How one woman tackled the NFL
The only female GM in NFL history has some advice for women in male-dominated professions.
How one woman tackled the NFL
By: Josh Rubin Staff Reporter, Published on Fri Mar 11 2011
Boys and their toys
There aren't many places more masculine than a National Football League locker-room and the shop floor at a meat company.
Susan T. Spencer survived them both.
Spencer, the only woman to have been general manager of an NFL team, says there were a few things that helped her get by in the boys' club. A thick skin sure came in handy when she walked into the Philadelphia Eagles' locker-room and all the players dropped their towels en masse. She was also once referred to as “the wicked witch of The Vet” (a reference to the now-torn down Philadelphia Veterans Stadium).
“You can either develop a thick skin and shrug it off, or you can stay home and suck your thumb,” says Spencer, whose new book, Briefcase Essentials, deals with her experience with the Eagles and the business world.
Recently, a newspaper columnist referred to her in print as “just another worthless bimbo.” Rather than writing a nasty letter or making an angry phone call, Spencer says she found some humour in the insult, figuring it made the writer look worse than her.
“Honestly, I just laughed,” she says.
While admitting she got her job with the Eagles because her father, Leonard Tose, was the owner, Spencer says she still wanted - and needed - to be taken seriously by other GMs, players and the team's bankers.
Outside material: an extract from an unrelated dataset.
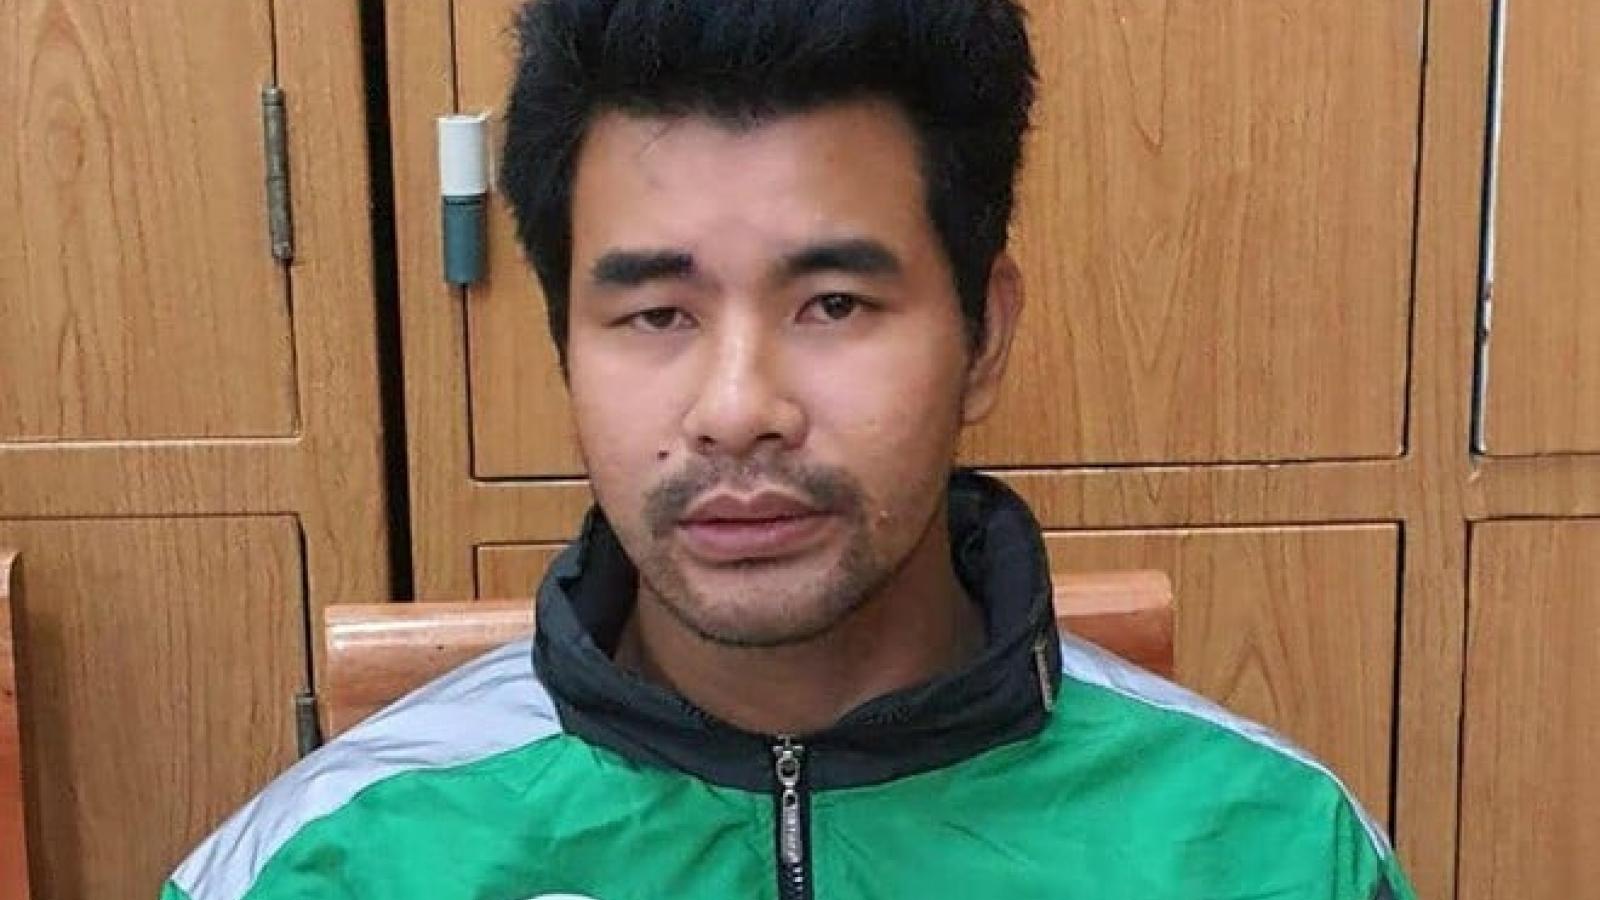 Kẻ tâm thần sát hại nữ công nhân môi trường tại Hà Nội là ai?

To do that, she had to understand every facet of the team's business better than any man would have had to. It's not fair, but that's the way the world is for women in a masculine environment, she says.
“You have to know your material stone-cold. Women are held to a higher standard than men,” says Spencer, who was surrounded by football for much of her youth, thanks to her father's purchase of the Eagles in the 1960s. Even if women don't have the good fortune to be the child of a team owner or top business executive, there's no reason they can't do research on their own, she says.
“You have to immerse yourself in it.”
It's frustrating, but not surprising, that 26 years after she left the Eagles (when her father was forced to sell the team to cover gambling debts), Spencer is still the only woman to have been an NFL GM, says Sue Rodin. Rodin, founder of Women in Sports and Events (WISE), says old habits die hard in male-dominated businesses.
“I think there's a lot of history, there's a male-dominated culture, there's some inertia and I'm sorry to say, there's an old boys' network,” said Rodin, pointing out that sports is far from the only offender. “It's like that in law, it's like that on Wall Street, too.”